We finished off the tasting — of course — with a glass of Port, the Taylor Fladgate 20 Year Old Tawny (which I fervently hope you’ve all tried…if not, it’s worth tracking down).  It was an ideal end to an excellent tasting, but I would prefer to leave the focus on the table wines above rather than the one Portuguese export with which everyone is already familiar.  Thanks to this tasting experience, I will without question be making more of an effort to acquaint myself with what else this all-too-often overlooked wine nation has to offer.  Obrigado, Wines of Portugal!




One response

23 10 2020
Diogo Ennes Sayanda

Portugal is one of the oldest high quality wine producers in Europe and is highly recognized and regarded for that… There are pre-roman empire (>2000yr BC) records of wine production in Portuguse territory, and the Douro region is the oldest certificated wine producing region in the world… It is unfortunate that Portuguese wine producers are so disconnected from a market (North America) that is willing to pay hundreds of dollars for a bottle of a decent wine.

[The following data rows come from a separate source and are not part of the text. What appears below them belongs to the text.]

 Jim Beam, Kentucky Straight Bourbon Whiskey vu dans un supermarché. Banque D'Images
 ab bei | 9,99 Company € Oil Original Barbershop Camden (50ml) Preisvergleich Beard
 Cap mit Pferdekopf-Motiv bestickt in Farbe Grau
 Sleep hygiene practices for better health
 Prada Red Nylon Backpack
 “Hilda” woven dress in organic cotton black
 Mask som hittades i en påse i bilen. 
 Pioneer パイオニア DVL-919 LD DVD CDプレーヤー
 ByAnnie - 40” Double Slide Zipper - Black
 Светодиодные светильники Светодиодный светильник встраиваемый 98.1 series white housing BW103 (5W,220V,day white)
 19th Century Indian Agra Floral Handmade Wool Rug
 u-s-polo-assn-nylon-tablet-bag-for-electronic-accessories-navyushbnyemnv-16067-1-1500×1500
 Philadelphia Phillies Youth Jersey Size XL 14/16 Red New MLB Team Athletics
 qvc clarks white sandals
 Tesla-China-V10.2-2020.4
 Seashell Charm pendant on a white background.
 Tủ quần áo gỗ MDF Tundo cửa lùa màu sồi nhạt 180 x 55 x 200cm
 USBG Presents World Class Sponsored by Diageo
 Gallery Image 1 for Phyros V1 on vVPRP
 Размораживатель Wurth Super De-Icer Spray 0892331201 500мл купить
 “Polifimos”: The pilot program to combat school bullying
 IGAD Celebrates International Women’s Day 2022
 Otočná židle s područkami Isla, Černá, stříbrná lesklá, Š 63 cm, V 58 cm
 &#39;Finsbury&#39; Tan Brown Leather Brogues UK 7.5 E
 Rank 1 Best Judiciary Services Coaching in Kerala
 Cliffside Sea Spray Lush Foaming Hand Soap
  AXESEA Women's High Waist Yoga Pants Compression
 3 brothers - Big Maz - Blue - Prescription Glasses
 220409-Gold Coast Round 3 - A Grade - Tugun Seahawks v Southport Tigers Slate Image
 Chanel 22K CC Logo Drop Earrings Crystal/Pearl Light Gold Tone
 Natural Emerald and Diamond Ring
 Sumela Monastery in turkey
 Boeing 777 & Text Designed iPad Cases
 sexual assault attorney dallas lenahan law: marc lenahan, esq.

At the same time, it is good that quality Portuguese wine is still produced for the Portuguese people, and that wine keeps playing an important role in portuguese culture that includes knowing how to savour good wine (A curiosity: drinking good wine to get drunk is seen as an act of savagery, Portuguese know wine and enjoy savouring it). That’s why Portuguese wine is cheap by North American standards… By the way, Mateus Rose is considered to be one of the worse Portuguese wines ever made (often called “zurrapa”). Its producers invested in a brilliant marketing strategy and were able to put it in the international market, you rarely see it at a Portuguese table unless its a restaurant filled with tourists, it’s just a low-end quality wine… Alvarinho pronountiation for an english speaking person sounds near to “Alva-ree-nee-ooh”. The letter “v” is pronouced “v” by the vast majority of the Portuguese people. It is pronounced “b” only in certain regions of Portugal (including the region where Alvarinho is produced)…
I understand the comparison, but comparing californian wines to the wines made in alentejo is one of the biggest insults you can make to the amazing legacy of Alentejo wine and wine producers… Also consider excluding any Aussi, or any non-portuguese wine producers that bought a vineard in portugal, from your list. That way you will make sure you are tasting portuguese wine and not some knockoff done by some wannabe that is using Portugal’s name to sell his fermented grape juice… Portuguese wine is culture, its an art that is not stagnant in any way and is kept alive by younger generations that, I hope, will have the vision and support to represent better Portuguese wines in the current financialy rich world, while maintaining Portuguese roots, character and culture. A suggestion for a traditional wine from Alentejo: “Tapada de Coelheiros” 2003 is quite good.